A l’entrée de la formation, les profils sont plus spécialisés; à la sortie, ils seront plus mobiles, suivant des trajectoires professionnelles de plus en plus diversifiées. C’est également ce à quoi on les prépare, avec une formation plus transversale et transmédia qu’hier, qui laisse par ailleurs une place importante à la découverte de la richesse du champ médiatique suisse (que ce soit via les stages dans les médias ou via les ateliers professionnels réalisés par notre partenaire de le CFJM).

Se connecter avec les publics

La crise des médias est profonde mais pas irréversible. Des publics se sont détournés des supports traditionnels voire affichent une confiance altérée. Une défiance souvent empreinte de méconnaissance (qu’est-ce qu’une rédaction, comment travaille un journaliste, comment s’opèrent les choix éditoriaux, etc.). L’un des enjeux est donc de (re)créer du lien; les médias peuvent pour ce faire s’appuyer sur la culture numérique qui favorise des rapports plus horizontaux et conversationnels (pour le meilleur comme pour le pire).

Les attentes des publics pour plus de proximité et d’incarnation sont fortes.
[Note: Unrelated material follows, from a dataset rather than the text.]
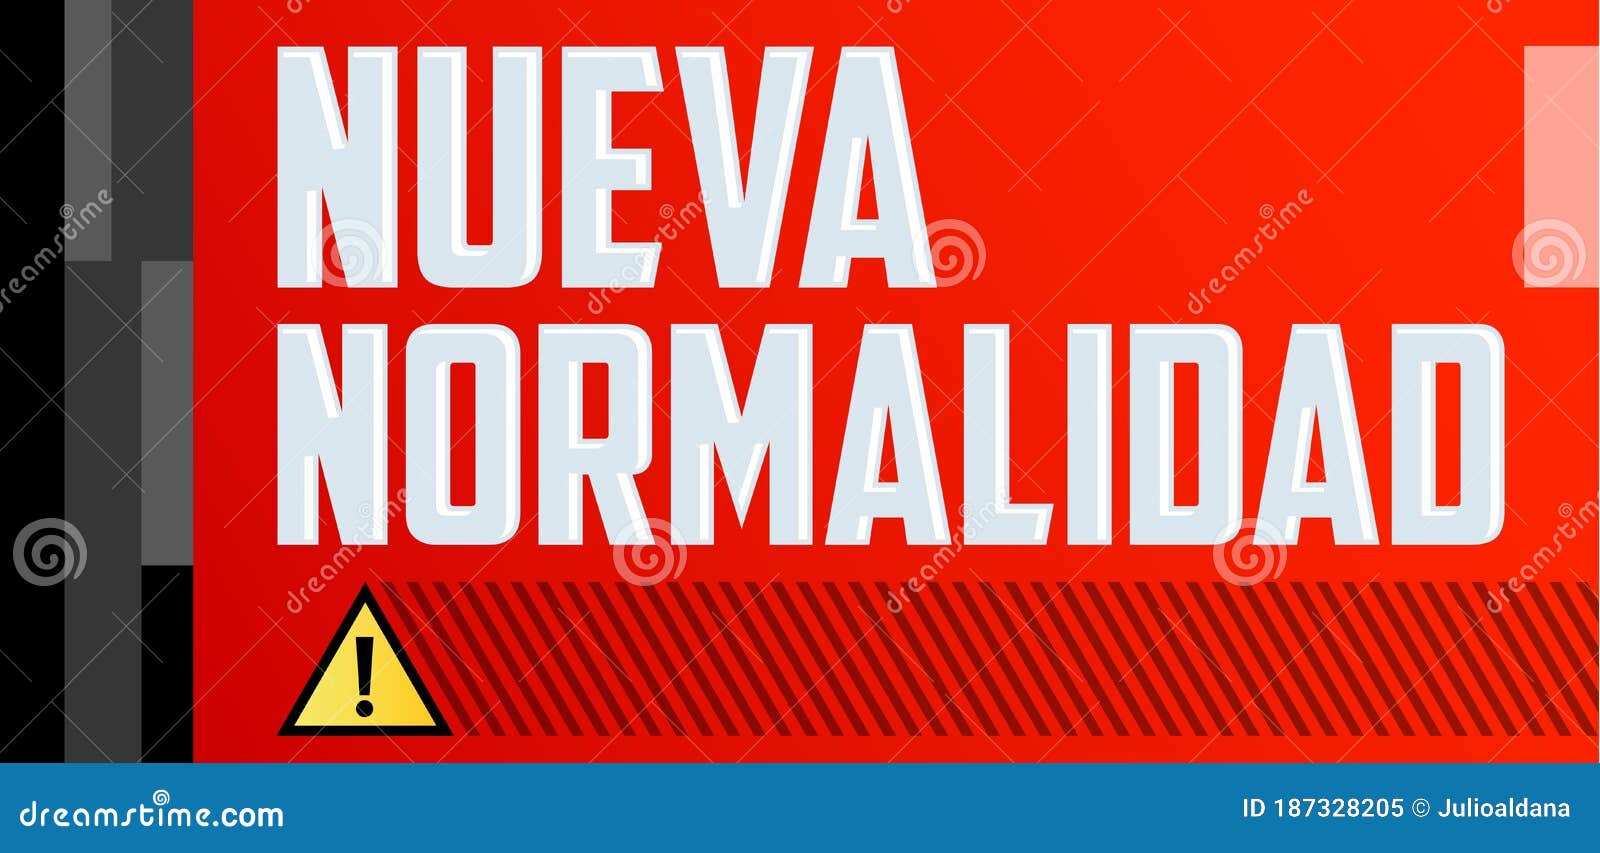 nueva normalidad, new normal spanish text,  .

Beaucoup de médias l’ont compris et mettent en place des initiatives et des dispositifs qui visent à renouveler la connexion avec les publics, voire leur implication, en ouvrant les portes des rédactions, en invitant les lecteurs à voter pour des sujets, en créant des espaces de discussion, etc., comme l’a mis en lumière notre projet de recherche LINC.

Ce lien à l’audience ne va pourtant pas de soi et sans doute doit-il être davantage intégré dans la formation même des journalistes. En introduisant une réflexion sur la transparence, l’humilité, l’échange avec les publics, et la manière dont ces pratiques peuvent s’insérer dans le quotidien du travail journalistique. Au-delà des savoir-faire, l’enjeu touche à la conception et au renforcement du rôle même du journaliste, dans sa complexité et son pluralisme, intégrant la question de l’engagement vis-à-vis de l’audience.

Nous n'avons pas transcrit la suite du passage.